Alors que la Chine entre dans une semaine politiquement importante, avec la réunion annuelle de son parlement, les dirigeants du pays ont proclamé leur confiance dans un rebond de l’économie. La directrice des études économiques du Crédit Agricole s’étonne : « On s’attendait à ce qu’il y ait des plans de relance, et ça n’a pas du tout été le cas. ». Les dirigeants chinois auraient « l’impression que s’ils relancent, notamment la demande, les ménages continueront d’épargner ».

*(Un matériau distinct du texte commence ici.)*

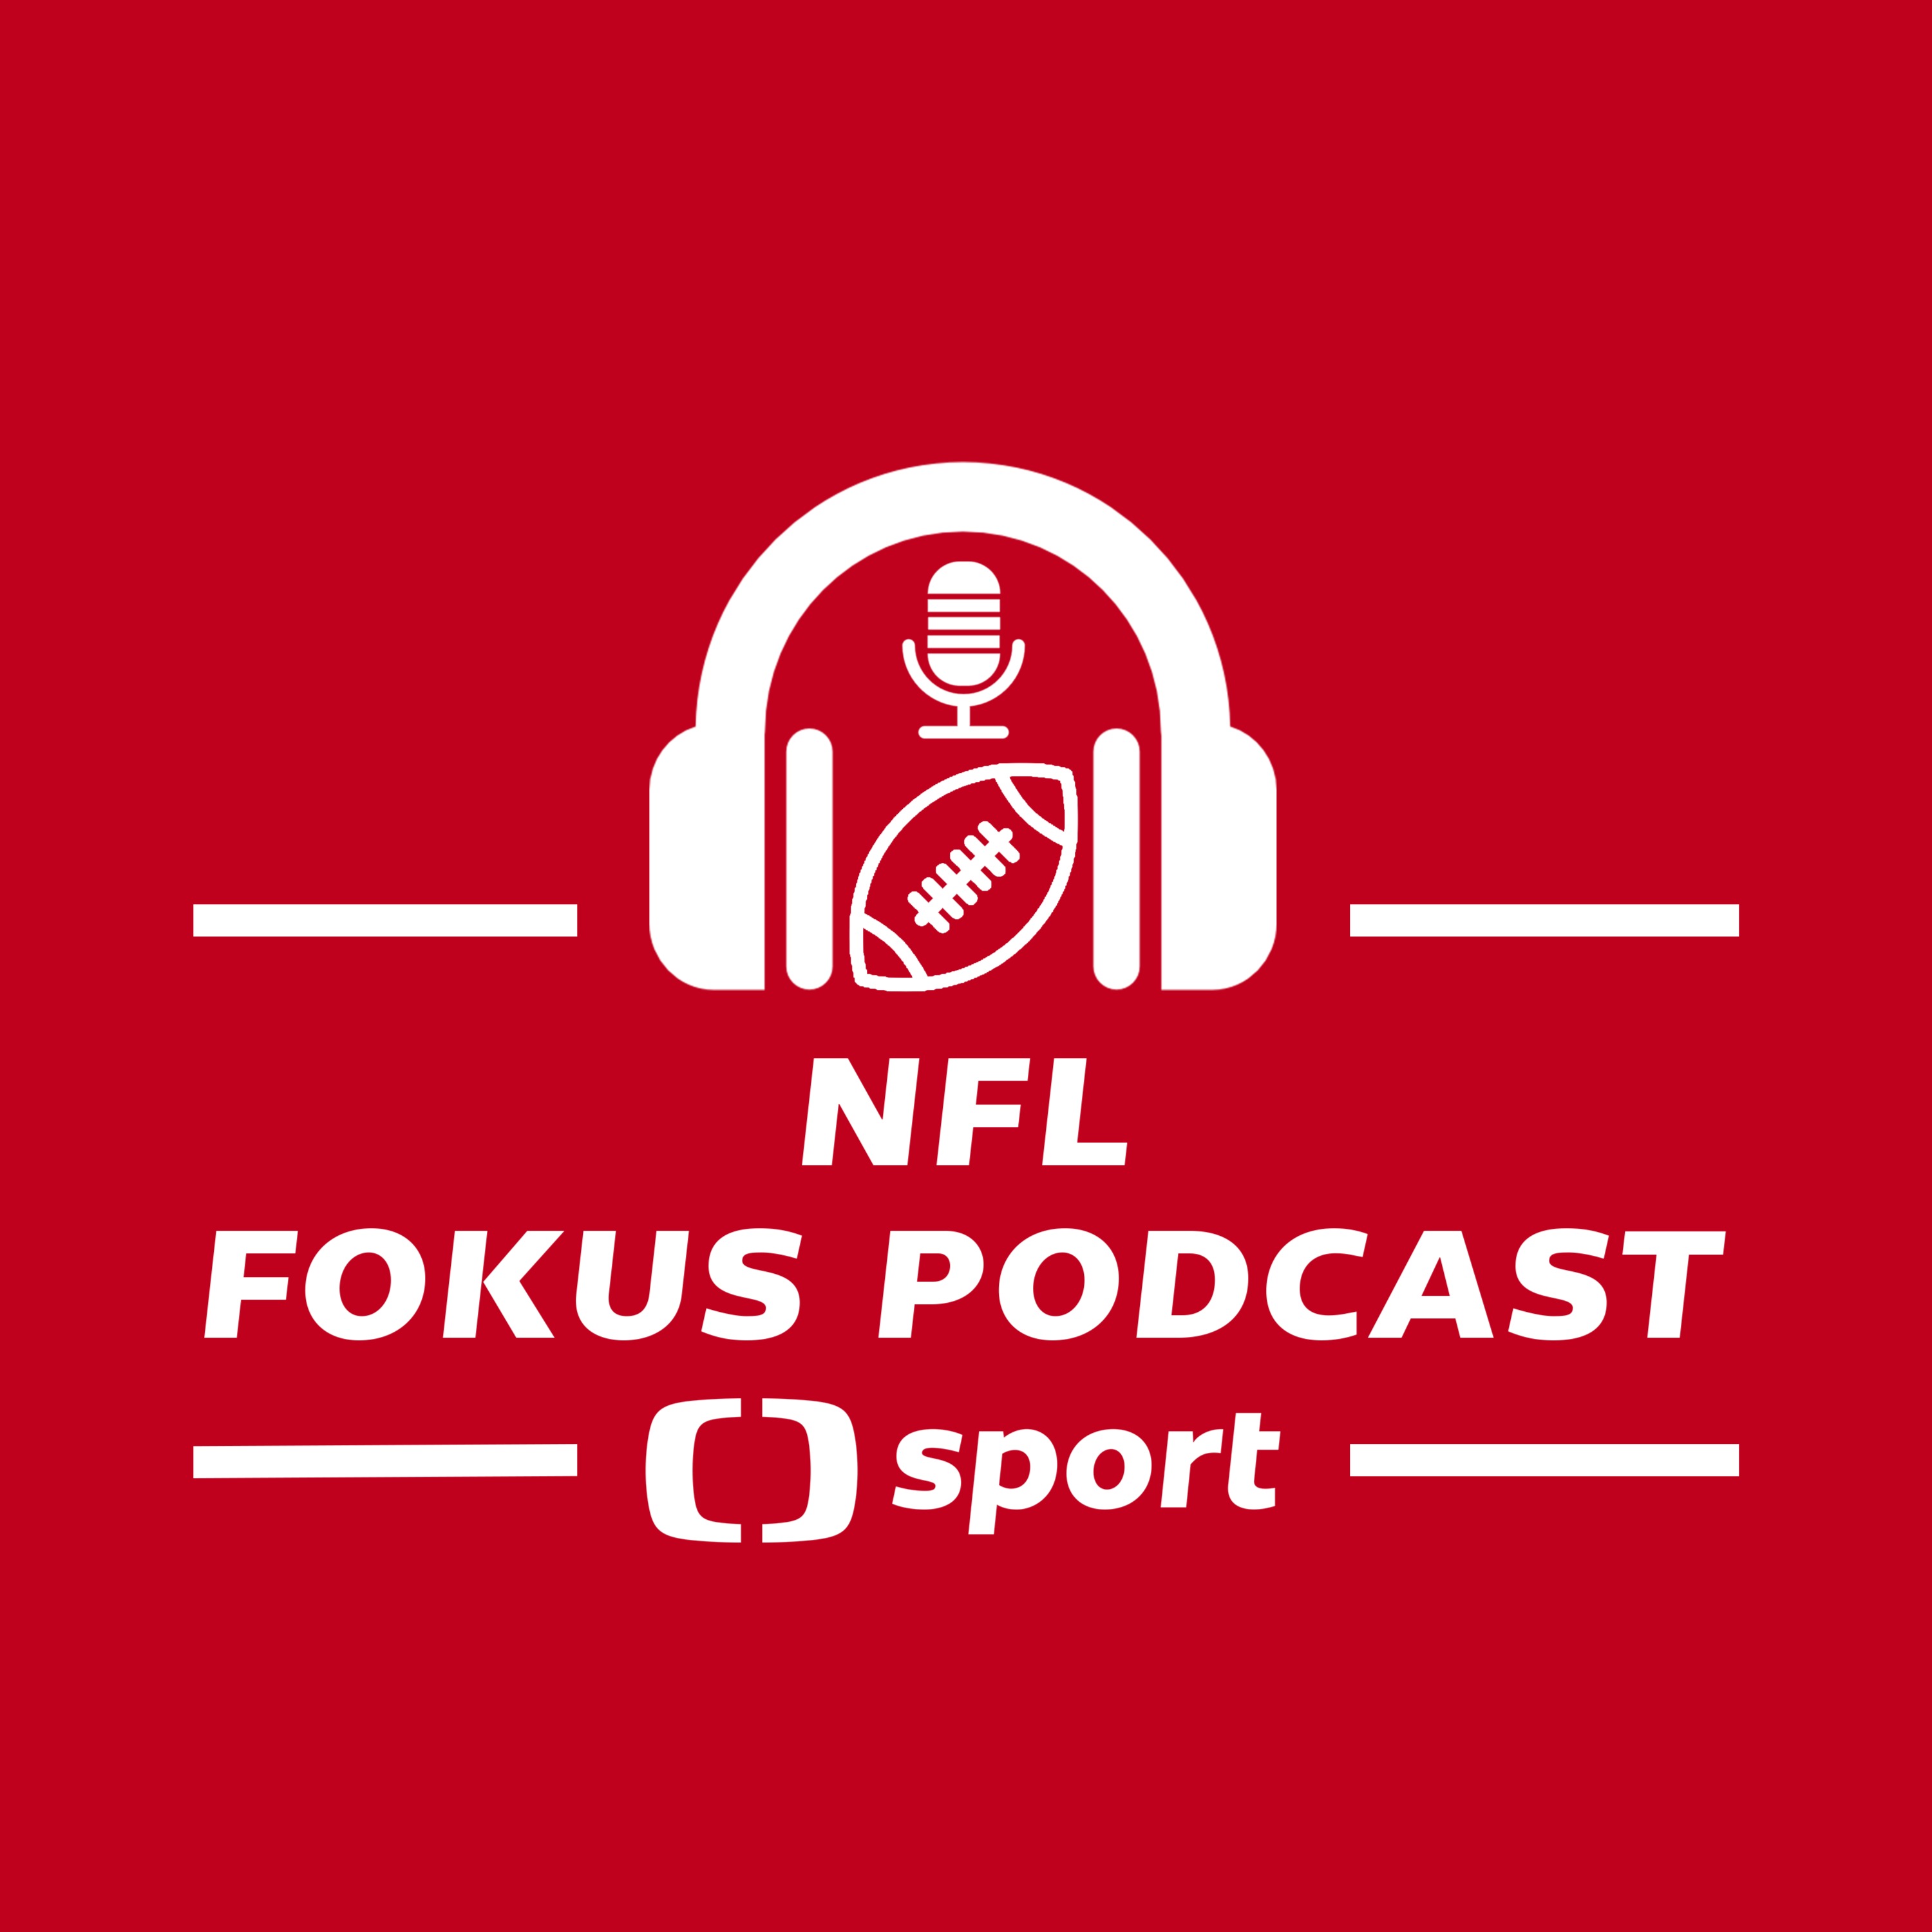 NFL Fokus podcast: Dozvuky Super Bowlu LVI a co bude dál s mistrovskými Rams?

« Les ménages épargnent pour tout »
Pour elle, une crise de confiance « née avec le Covid et resserrée avec cette crise immobilière » a fait que la croissance économique n’est « plus la priorité » en Chine. Le pays connait actuellement des « taux d’épargne extrêmement élevés ». « Les ménages épargnent pour tout », explique Isabelle Job-Bazille. Education des enfants, risque de chômage, retraite…
« S’il y a des choses à réinventer en Chine, c’est la protection sociale », analyse-t-elle. Il faudrait ainsi « avoir une meilleure protection de manière que les ménages épargnent moins ». C’est un des buts que s’est fixé le pays dans son Plan de croissance pour 2035, afin de rééquilibrer la croissance vers la consommation.
Une bonne nouvelle pour l’inflation chez nous
La déflation chinoise pourrait en partie s’exporter vers l’Europe. L’exportation de ses « surcapacités » constitue actuellement un des seuls « moteurs de croissance » pour la Chine. Celles-ci se trouvent principalement dans les batteries, les véhicules électriques et les panneaux solaires, qui inondent déjà le marché avec des prix cassés.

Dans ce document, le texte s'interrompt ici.